In matplotlib, the default violin plot only shows the median, limits, and the kde of the distributions, all in a uniform color. Seaborn also over-plots a thin box-and-whisker plot (without the fliers) to show the quartiles, it shades different datasets by hue
automatically, and it offers a split
feature that allows you to show a second categorical variable on the same plot as long as it only takes 2 values. Let’s have a look using the 'titanic'
dataset.
import seaborn as sb
tdf = sb.load_dataset('titanic')
sb.violinplot(data=tdf, x="class", y="age", hue="alive")
<Axes: xlabel='class', ylabel='age'>
And now let’s see the same plot with split=True
.
import seaborn as sb
tdf = sb.load_dataset('titanic')
sb.violinplot(data=tdf, x="class", y="age", hue="alive", split=True)
<Axes: xlabel='class', ylabel='age'>
There are dozens of other kwargs to control the appearance of different elements of the plot, but exploring them is left as an exercise to the reader. Instead, let’s look at a plot that has a similar shape but shows individual data points: sb.swarmplot()
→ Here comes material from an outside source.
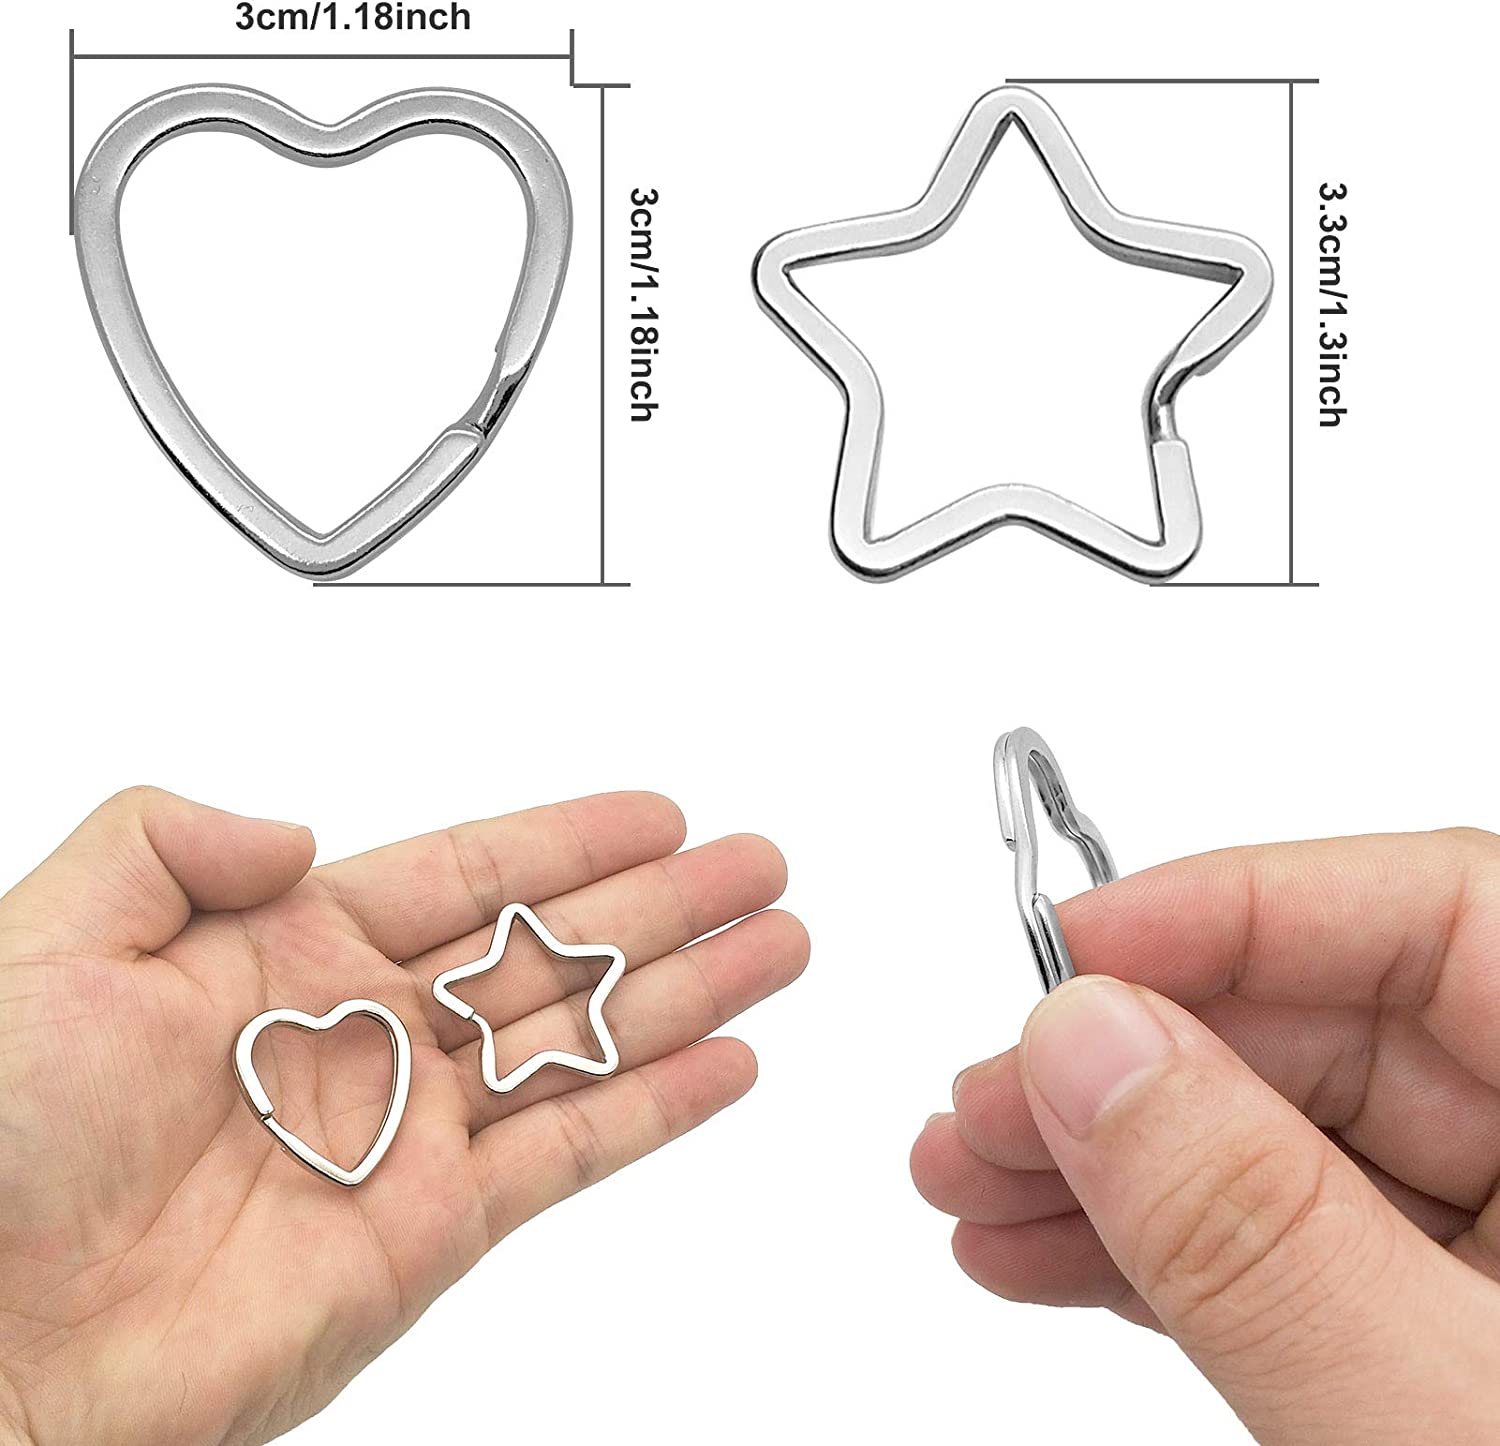 50pcs Star Shaped Split Key Rings for Craft,Heart Shaped Key Rings,Metal  Split Key Rings for Home Car/Keys DIY Keychain Bulk Crafts/Key Accessories

. This plot type is useful for smaller datasets where you are suspicious that a KDE or boxplot might smooth out important small-scale structures.
import seaborn as sb
tdf = sb.load_dataset('titanic')
sb.swarmplot(data=tdf, x="class", y="age", hue="alive")
<Axes: xlabel='class', ylabel='age'>
This shows that the sb.violinplot()
version concealed significant differences in the absolute survival rates in each passenger class. Seaborn/0.13.0 and later offer a couple of different kwargs to control the normalization so that you don’t have to sacrifice this detail in your violin plots anymore, but these are not available for all students at all HPC centers this year. sb.swarmplot()
may not look as clean, but it may be a more accurate alternative for the time being.
Key Points
Seaborn makes statistical plots easy and good-looking!
Seaborn plotting functions take in a Pandas DataFrame, sometimes the names of variables in the DataFrame to extract as
x
andy
, and often ahue
that makes different subsets of the data appear in different colors depending on the value of the given categorical variable.Seaborn also offers datasets to play with.
Typesetting axes labels can be an issue, though.